Barcellini Wilma, Fattizzo Bruno, Zaninoni Anna
UOC Ematologia, Fondazione IRCCS Ca' Grande Ospedale Maggiore Policlinico, Milano, Italy.
J Blood Med. 2019 Aug 8;10:265-278. doi: 10.2147/JBM.S190327. eCollection 2019.

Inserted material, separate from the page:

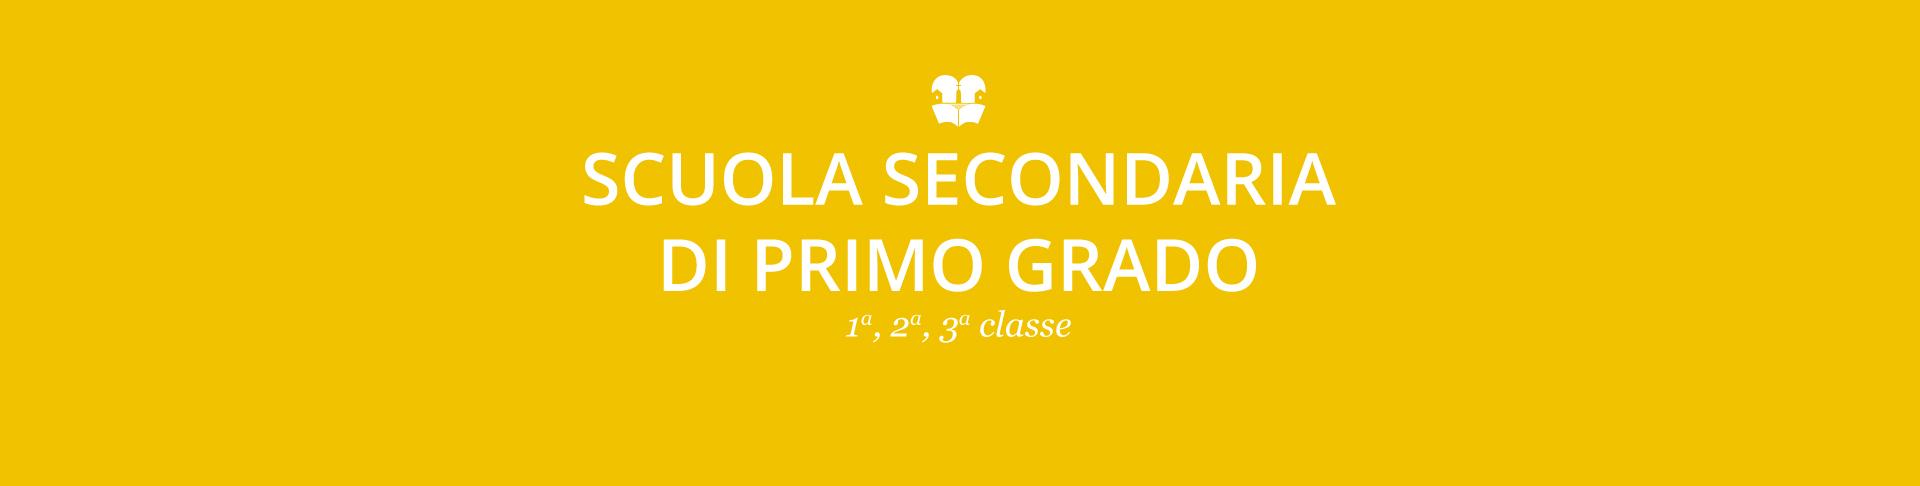 secondaria1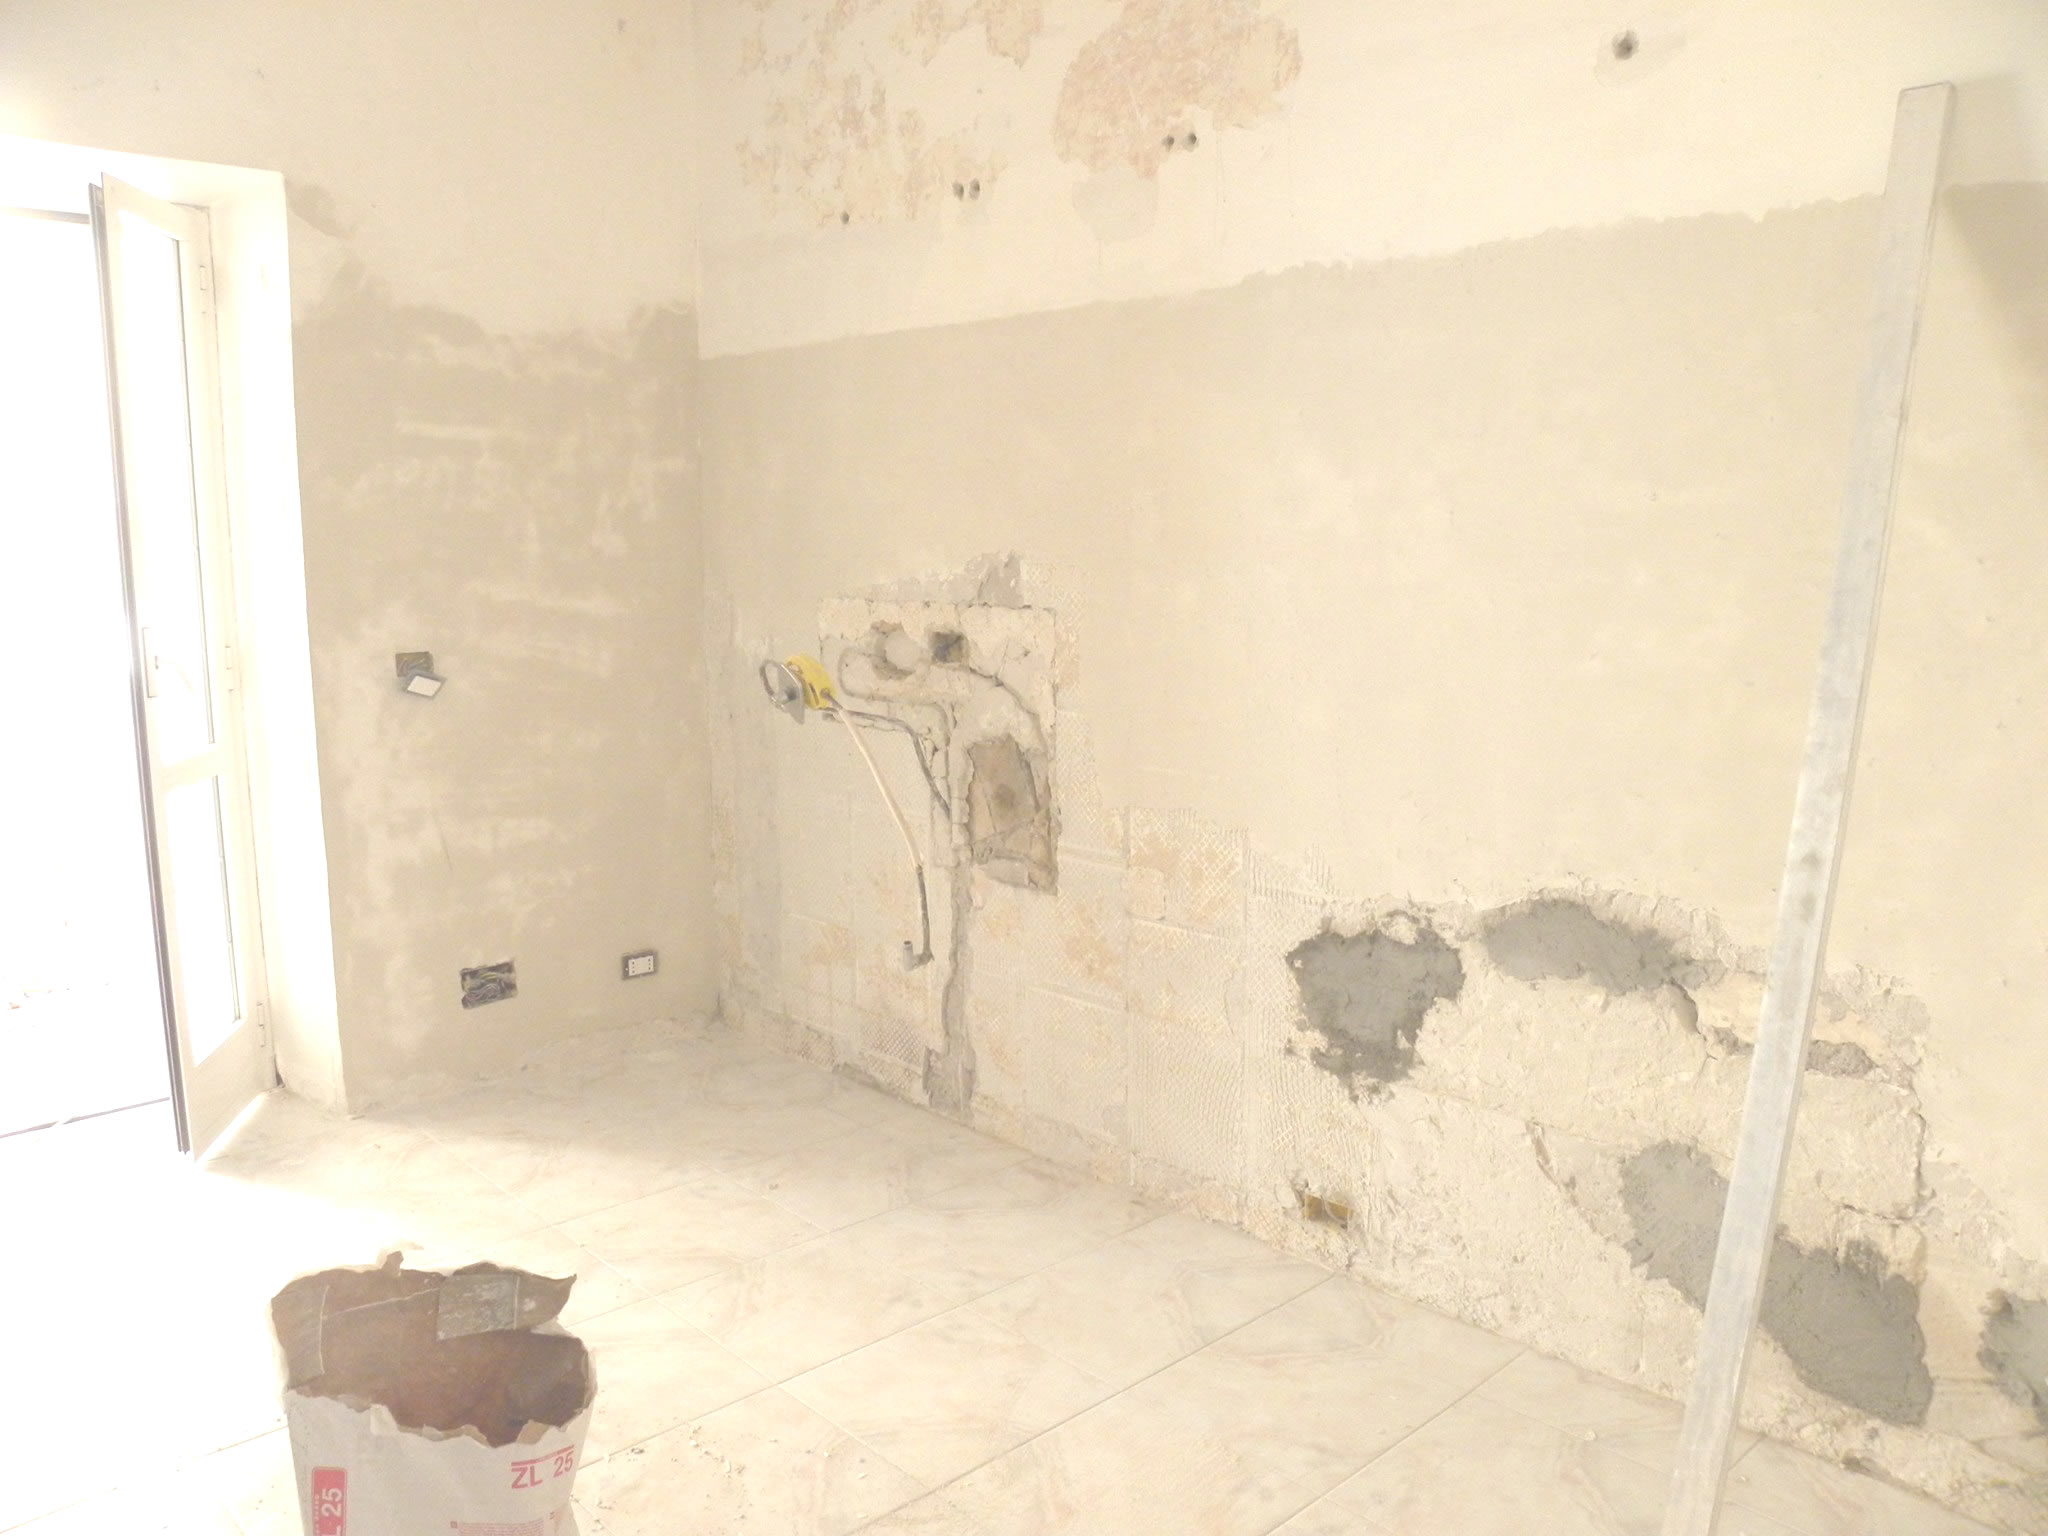 Ristrutturazione casa roma costo preventivo - Costo ristrutturazione cucina ...

Autoimmune hemolytic anemia (AIHA) is increasingly observed after allogeneic hematopoietic stem cell transplantation (allo-HSCT), with a reported incidence between 4% and 6%. The disease is generally severe and refractory to standard therapy, with high mortality, and there are neither defined therapies, nor prospective clinical trials addressing the best treatment. Most of the knowledge on the therapy of AIHAs derives from primary forms, which are highly heterogeneous as well, further complicating the management of post-allo-HSCT forms. The review addresses the risk factors associated with post-allo-AIHA, including unrelated donor, the development of chronic extensive graft-versus-host disease, CMV reactivation, nonmalignant diagnosis pre-HSCT, and alemtuzumab use in conditioning regimens. Regarding therapy, we describe standard treatments, such as corticosteroids, intravenous immunoglobulin, splenectomy, rituximab, cyclophosphamide, and plasma exchange, which have lower response rates than those reported in primary forms. New therapeutic options, including sirolimus, bortezomib, abatacept, daratumumab and complement inhibitors, are promising tools for this detrimental complication occurring after allo-HSCT.
自体免疫溶血性贫血(AIHA)在异基因造血干细胞移植(allo-HSCT)后越来越常见,报告的发病率在4%至6%之间。该疾病通常较为严重,对标准治疗难治,死亡率高,且既没有明确的治疗方法,也没有针对最佳治疗方案的前瞻性临床试验。关于AIHA治疗的大多数知识来自原发性形式,而原发性形式也高度异质性,这进一步使allo-HSCT后形式的管理复杂化。本综述探讨了与allo-AIHA相关的危险因素,包括无关供体、慢性广泛性移植物抗宿主病的发生、巨细胞病毒再激活、HSCT前的非恶性诊断以及在预处理方案中使用阿仑单抗。关于治疗,我们描述了标准治疗方法,如皮质类固醇、静脉注射免疫球蛋白、脾切除术、利妥昔单抗、环磷酰胺和血浆置换,这些治疗方法的缓解率低于原发性形式中报告的缓解率。新的治疗选择,包括西罗莫司、硼替佐米、阿巴西普、达雷妥尤单抗和补体抑制剂,是allo-HSCT后发生的这种有害并发症的有前景的治疗手段。